Constructing a Model

In addition to the parameters accepted by individual scikit-learn model classes, all modeling classes accept the following additional parameters at instantiation.

These parameters are all technically optional, but you will often want to specify input_cols, output_cols, or both. label_cols and sample_weight_col are required in specific situations noted in the table, but can be omitted in other cases.

Tip

All column names must follow the Snowflake identifier requirements. To preserve case or use special characters (besides dollar sign and underscore) when creating a table, column names must be wrapped in double quotes. Use all-caps column names whenever possible to maintain compatibility with case-sensitive Pandas DataFrames.

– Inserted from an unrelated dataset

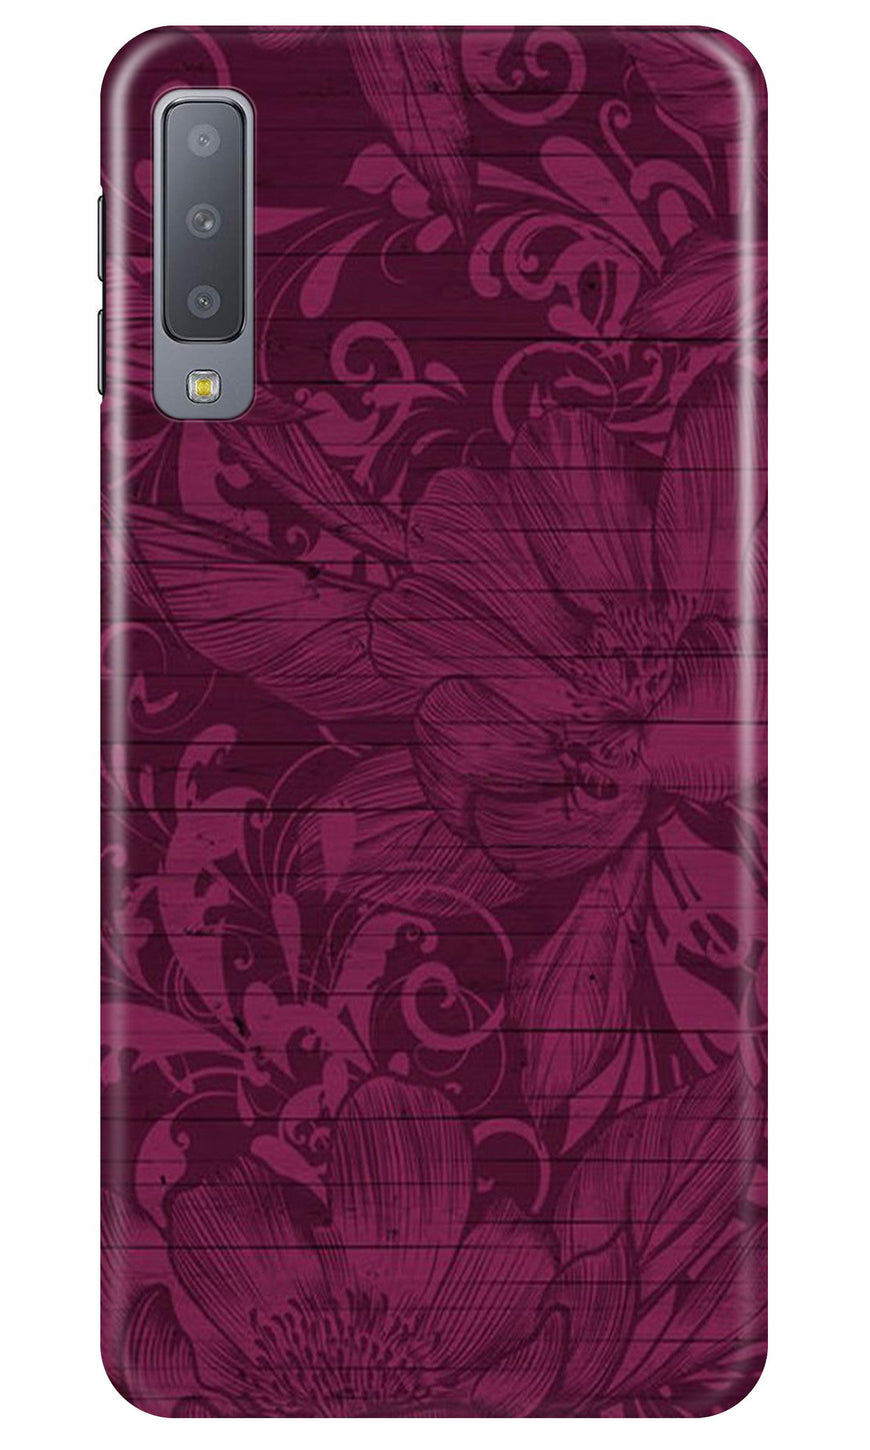 Purple Backround Case for Galaxy A7 (2018)

from snowflake.ml.modeling.preprocessing import MinMaxScaler
from snowflake.snowpark import Session

# Snowflake identifiers are not case sensitive by default.
# These column names will be automatically updated to ["COLUMN_1", "COLUMN_2", "COLUMN_3"] by the Snowpark DataFrame.
schema = ["column_1", "column_2", "column_3"]
df = session.create_dataframe([[1, 2, 3]], schema = schema)
df.show()
Copy
--------------------------------------
|"COLUMN_1"  |"COLUMN_2"  |"COLUMN_3"|
--------------------------------------
|1           |2          |3          |
--------------------------------------
Copy
# Identify the column names using the Snowflake identifier.
input_cols = ["COLUMN_1", "COLUMN_2", "COLUMN_3"]
mms = MinMaxScaler(input_cols=input_cols)
mms.fit(df)

# To maintain lower case column names, include a double quote within the string.
schema = ['"column_1"', '"column_2"', '"column_3"']
df = session.create_dataframe([[1, 2, 3]], schema = schema)
df.show()
Copy
----------------------------------------
|'"column_1"'|'"column_2"'|'"column_3"'|
----------------------------------------
|1           |2           |3           |
----------------------------------------
Copy
# Since no conversion took place, the schema labels can be used as the column identifiers.
mms = MinMaxScaler(input_cols=schema)
mms.fit(df)
Copy

Parameter

Description

input_cols

A string or list of strings representing column names that contain features.

If you omit this parameter, all columns in the input DataFrame, except the columns specified by label_cols, sample_weight_col, and passthrough_cols parameters, are considered input columns.

label_cols

A string or list of strings representing the names of columns that contain labels.

You must specify label columns for supervised estimators because inferring these columns is not possible. These label columns are used as targets for model predictions and should be clearly distinguished from input_cols.

output_cols

A string or list of strings representing the names of columns that will store the output of predict and transform operations. The length of output_cols must match the expected number of output columns from the specific predictor or transformer class used.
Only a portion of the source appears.